Wednesday, September 9, 2009
Not really. But sadly my drinking days are best left behind me. God I love my Cosmos and PB makes the best ones. But my body which has been heavily poisoned by vast qualities of alcohol several times in the past 35 or so years, has let me know, it will no longer tolerate any more. I ate a good dinner last night, had about 5 or so Cosmos over the course of several hours, then ate a very hearty 1 am breakfast. Woke up this morning at 7am and my body was not happy. No headache but the GI system was quite miserable.
I'm better now. Yes I am a bad ass biker chick, can't even drink.

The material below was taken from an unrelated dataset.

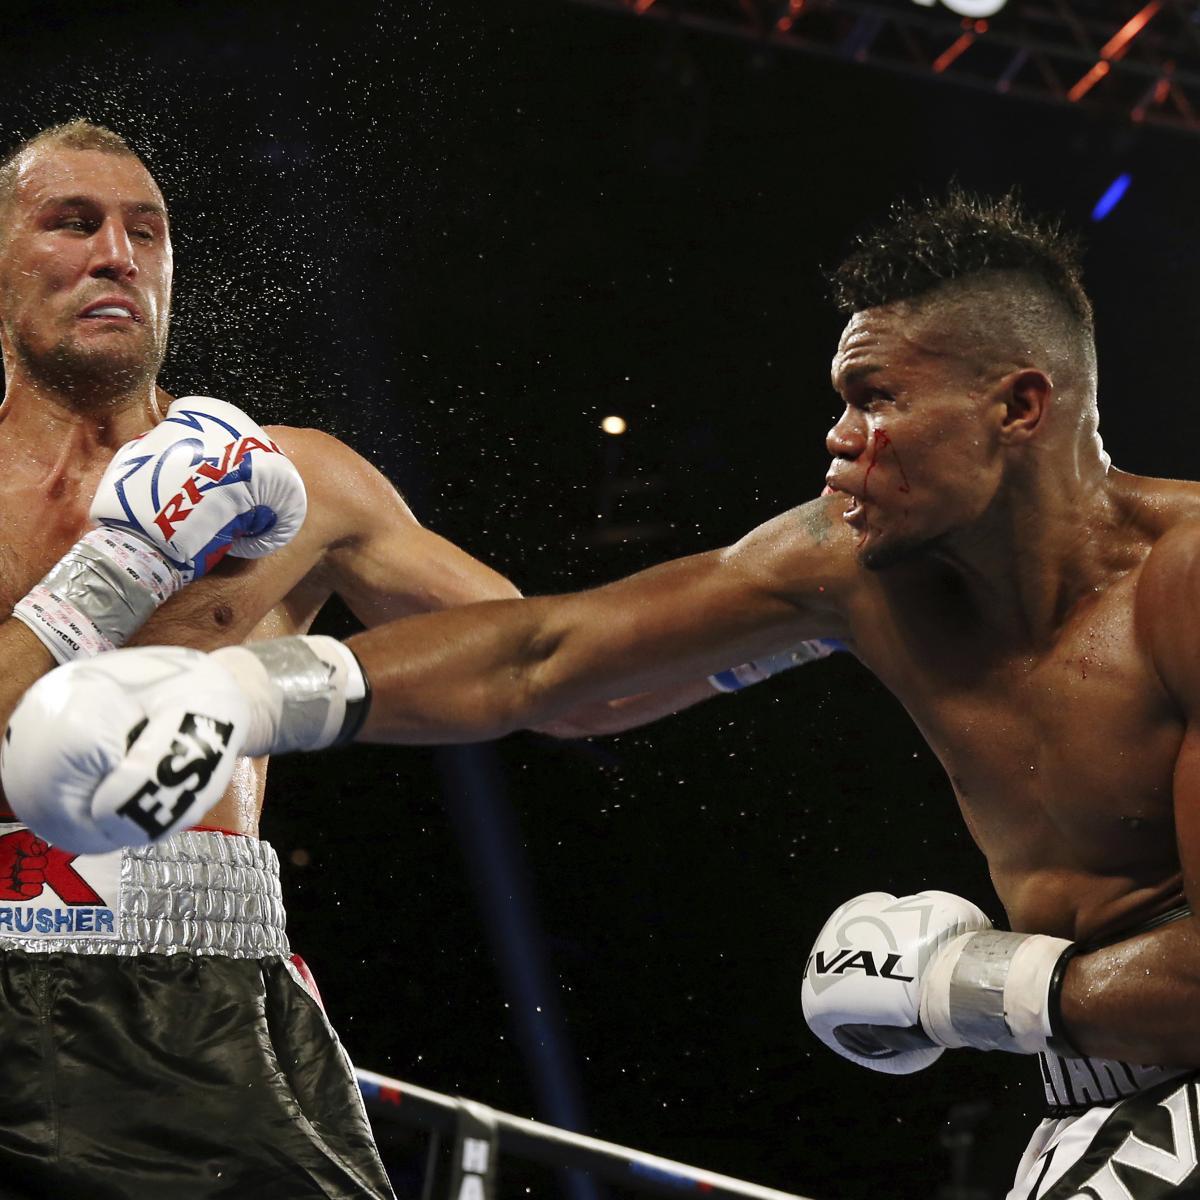 Eleider Alvarez Vs. Sergey Kovalev: Fight Odds, Time, Date
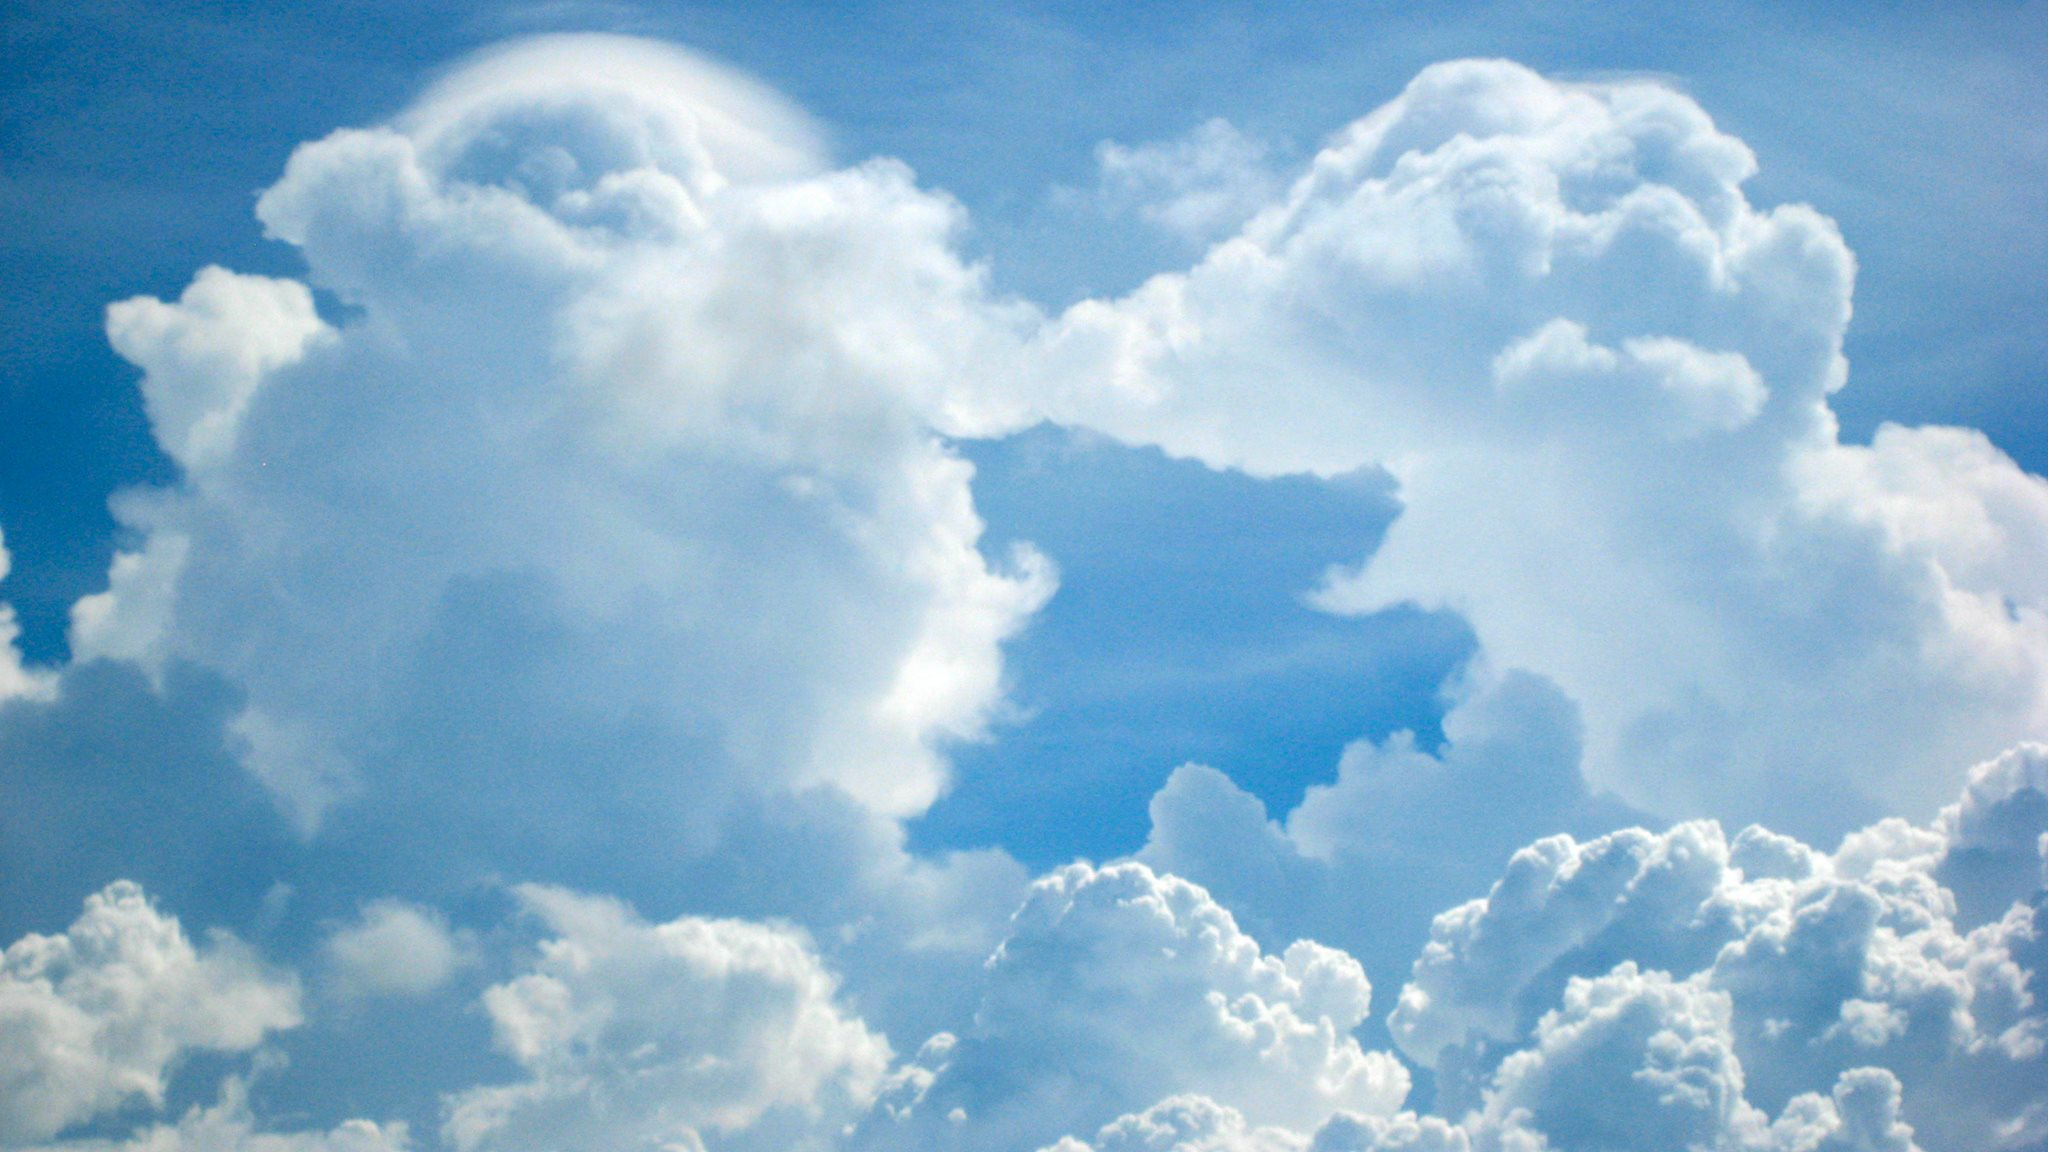 Spelende olifanten in de wolken

PB is resting, he does not feel well. The stress of losing his job again, is far rougher on him than he lets on. He hates his job but losing even a job he hates, tears him down. He is very much a hard southern man, with much pride. He is a man's man. He is very stoic, doesn't complain. He is very much like a blue collar Rhett Bulter. Charming, courtly, gentlemanly, but he can hang with the rough crowd. Its hard to see this proud man feel beaten down.
I am very much a New England Yankee. Like my hero, Katharine Hepburn, I always try and rise to the challenge. I see a problem and I must solve it immediately or see a solution, or I cannot rest. I Must have the light at the end of the tunnel.
We are quite the pair, Him the proud but stoically quiet southern gentleman, and me the loud, rushing about, opinionated Yankee woman.
So this morning after the "perfect" day of yesterday, I will answer emails, get ready for the trade show this weekend. I leave tomorrow. I have already planned the meals for the household for the next week. Trying to organize things for the show. Having work to do during the slow times.
I now have alot on my shoulders with these two men who need me. my business is everything right now. So back to it.
Oh and the picture? Very New England. Guilford, CT 1993. This was the view from my kitchen that year. Quiet road, morning sun streaming through the fall hardwoods. An escape from the real world.